Records for the task »
-- Opening Marker --

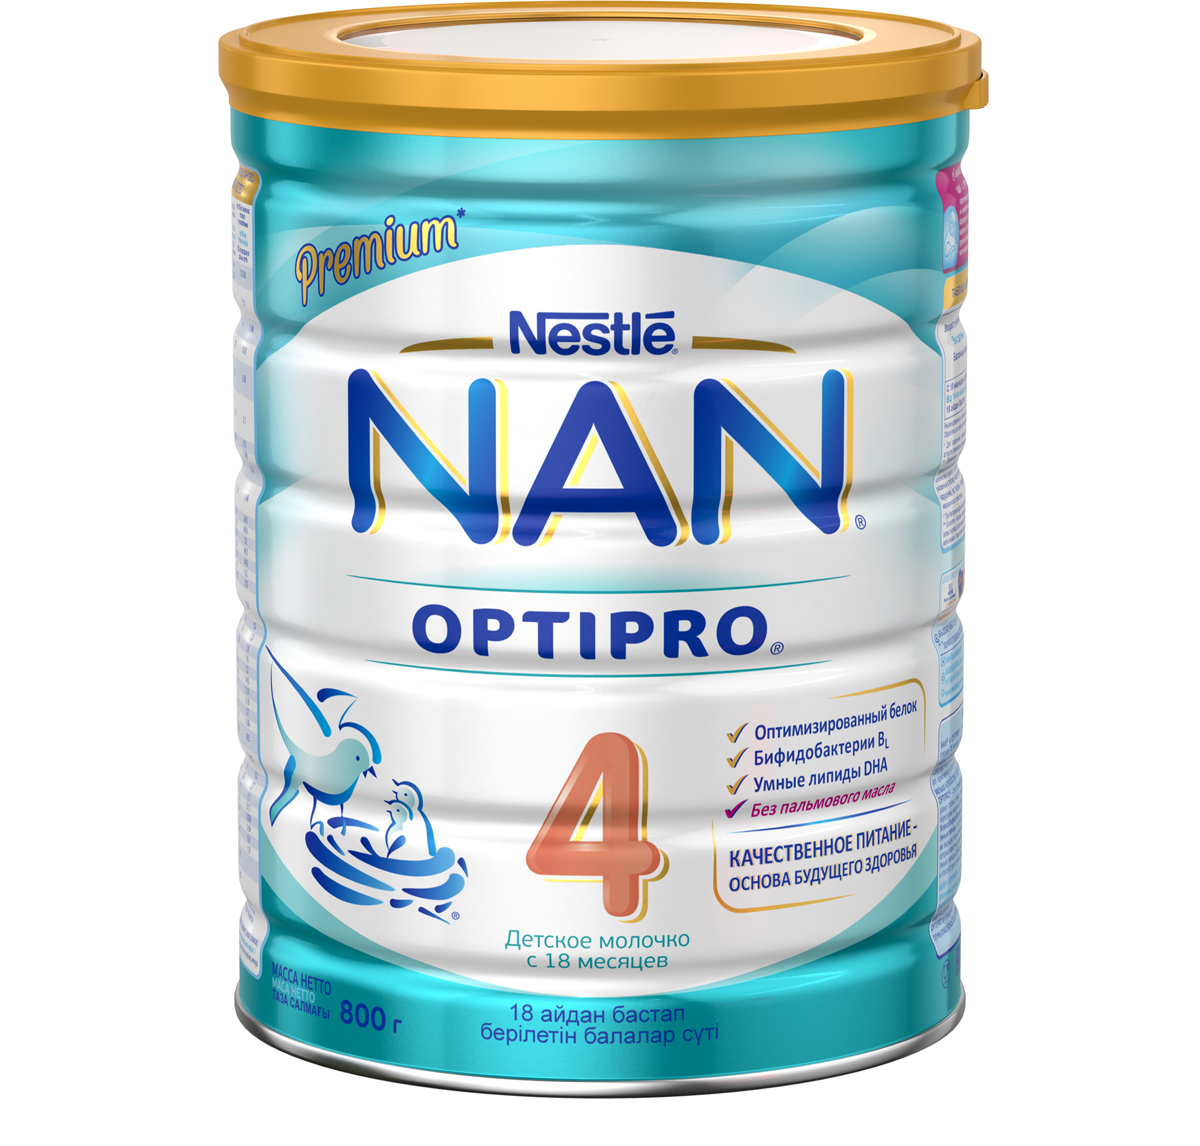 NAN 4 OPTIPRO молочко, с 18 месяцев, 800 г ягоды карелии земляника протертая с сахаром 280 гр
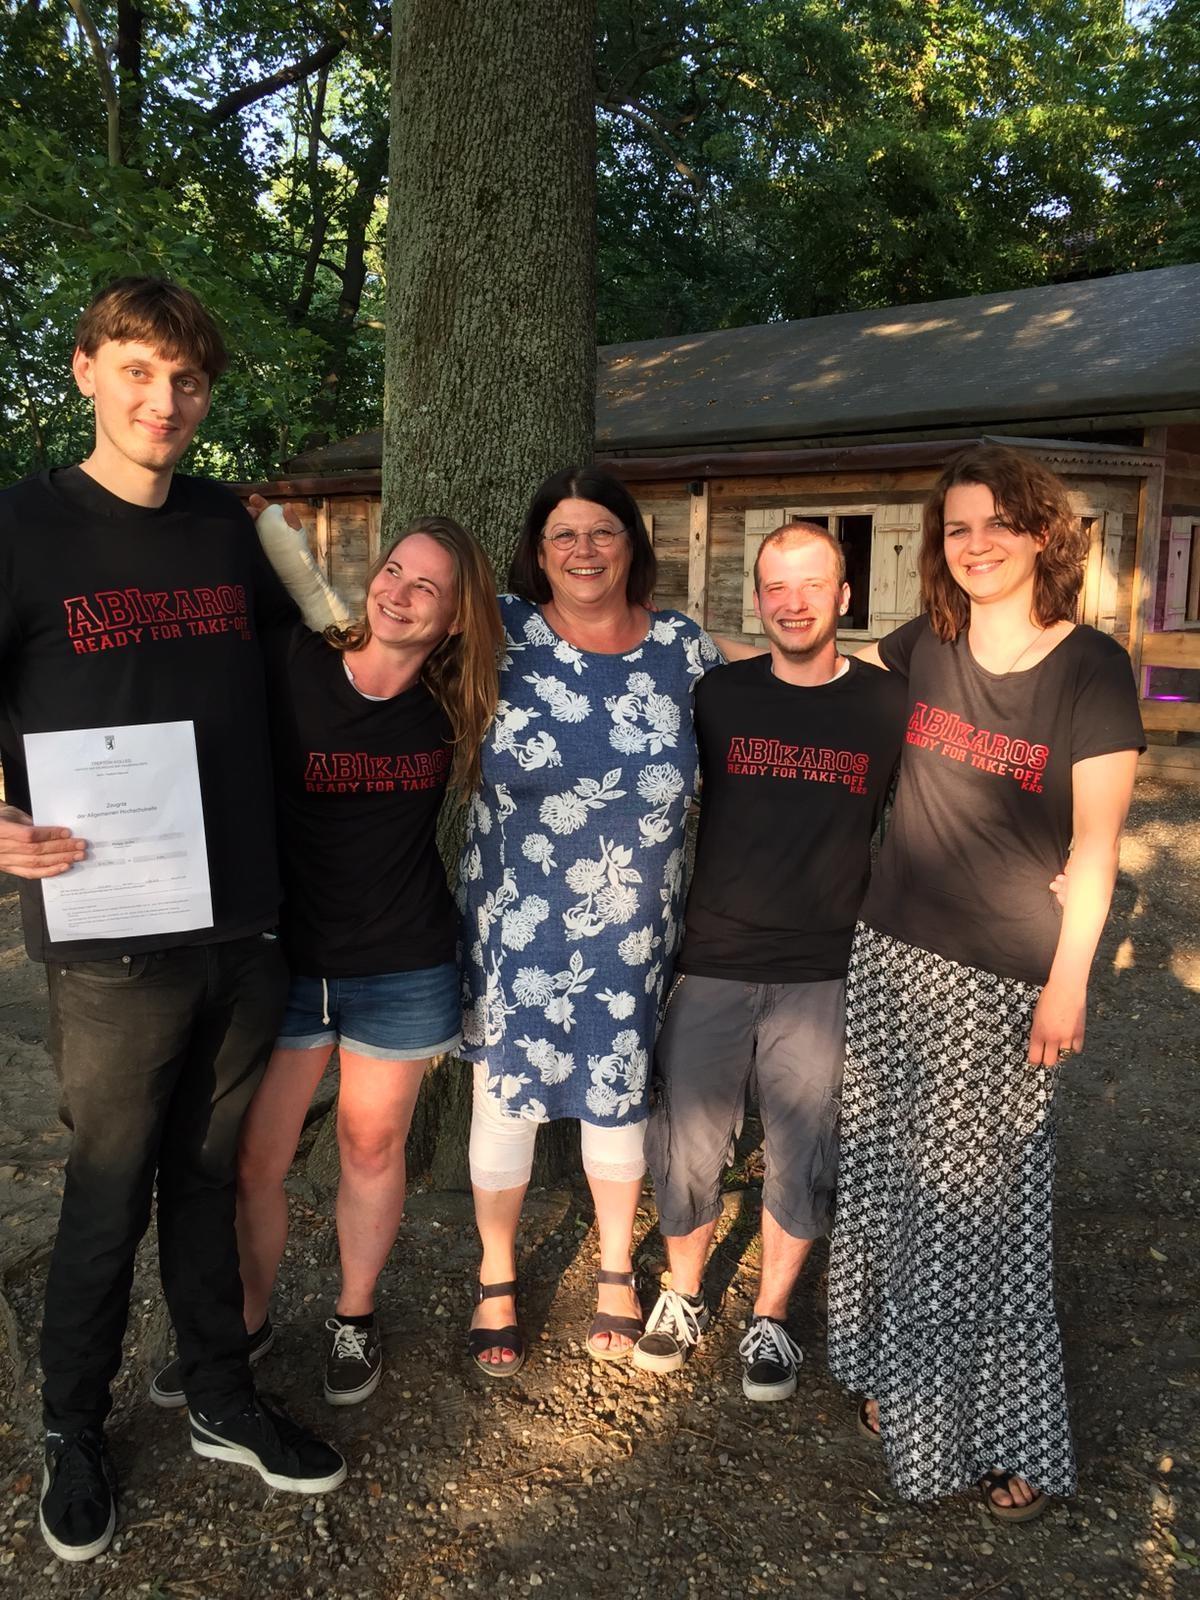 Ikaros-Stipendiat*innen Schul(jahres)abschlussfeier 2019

-- Closing Marker --
-- Opening Marker --

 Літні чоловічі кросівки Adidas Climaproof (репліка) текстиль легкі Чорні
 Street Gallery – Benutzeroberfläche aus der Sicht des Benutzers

-- Closing Marker --
-- Opening Marker --

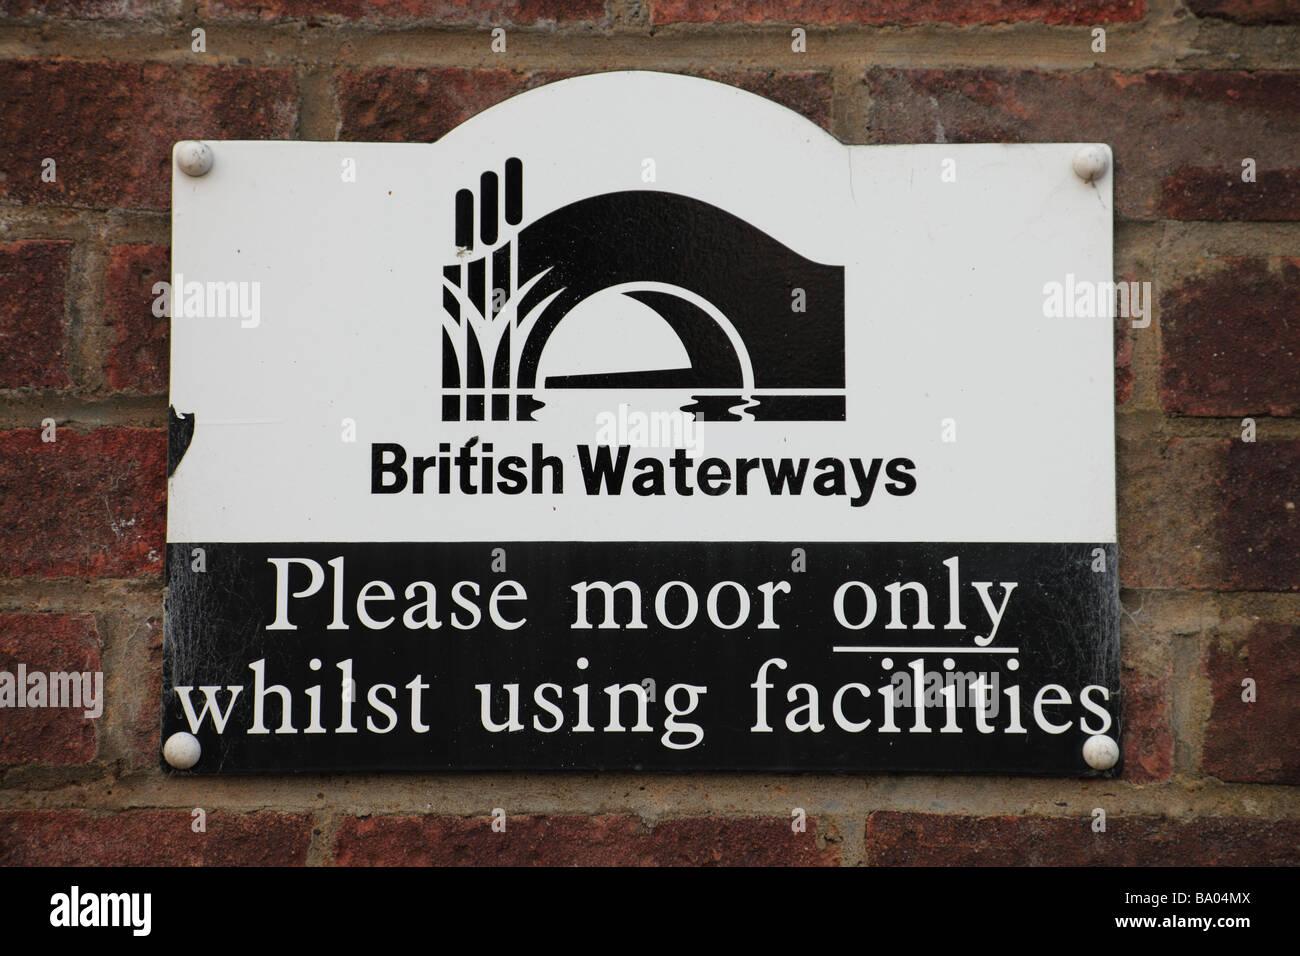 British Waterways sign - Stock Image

-- Closing Marker --

Task statement » Look through the data above and return exactly the lines from the one that contains "Літні чоловічі кросівки" to the one that contains "Street Gallery –", inclusive, with nothing else.

Solution to this problem »
 Літні чоловічі кросівки Adidas Climaproof (репліка) текстиль легкі Чорні
 Street Gallery – Benutzeroberfläche aus der Sicht des Benutzers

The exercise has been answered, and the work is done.